Shared memory is a region of memory that multiple processes can access directly, without copying data between them. This is much faster than sending data through pipes or queues. In SkellyCam, camera frames (which can be several megabytes each) are written to shared memory by the camera process and read by the main process for streaming — all without any data copying.
Learn more: Shared memory (Wikipedia)
PubSub
A lightweight publish/subscribe system built on multiprocessing.Queue is used for non-frame data like framerate updates, recording info, and camera setting changes.
Global Kill Flag
A multiprocessing.Value("b", False) shared across all processes. When set to True, all camera workers and the server begin graceful shutdown.
Frontend Architecture
The React UI separates real-time streaming data from user-driven state:
- Redux Toolkit — Manages user-driven state: camera configurations, recording status, settings, and theme. HTTP API calls to the server are dispatched as Redux async thunks.

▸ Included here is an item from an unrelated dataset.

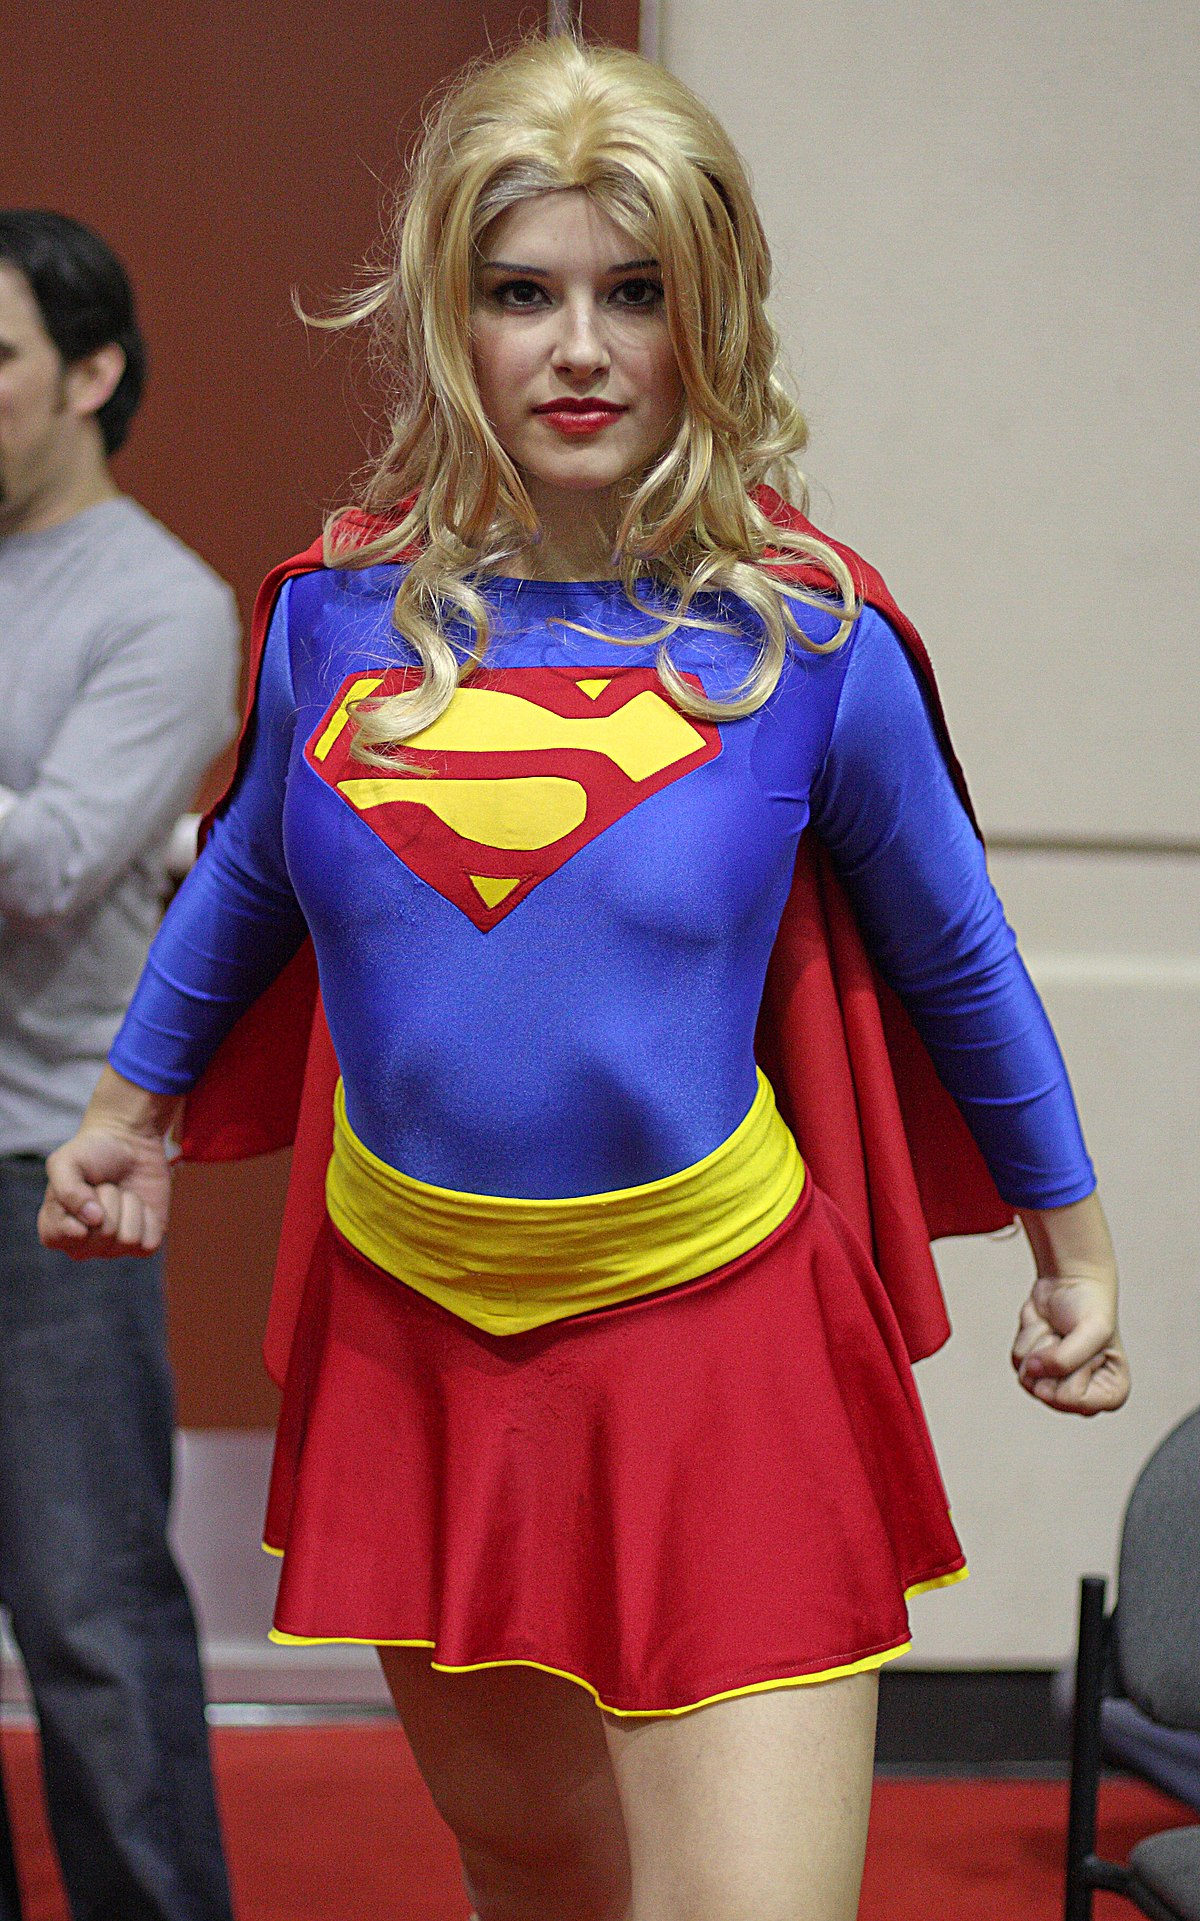 Bestand:Supergirl cosplay.jpg - Wikipedia

- ServerContextProvider (React Context) — Manages the WebSocket connection and real-time frame data. This is deliberately kept outside Redux to avoid triggering React renders on every frame.
- FrameProcessor (Web Worker) — Parses the binary multi-frame protocol and decodes JPEG blobs into
ImageBitmapobjects, all off the main thread. - CanvasManager — Manages
OffscreenCanvas+Workerpairs for each camera, enabling GPU-accelerated rendering without blocking the main thread. - Non-Redux stores —
FramerateStoreandLogStoreare ref-based mutable stores for high-frequency data that doesn't need to trigger React renders. - Material UI — Component library for the control panels, tree views, and layout.
- i18next — Internationalization with community-maintained translation files.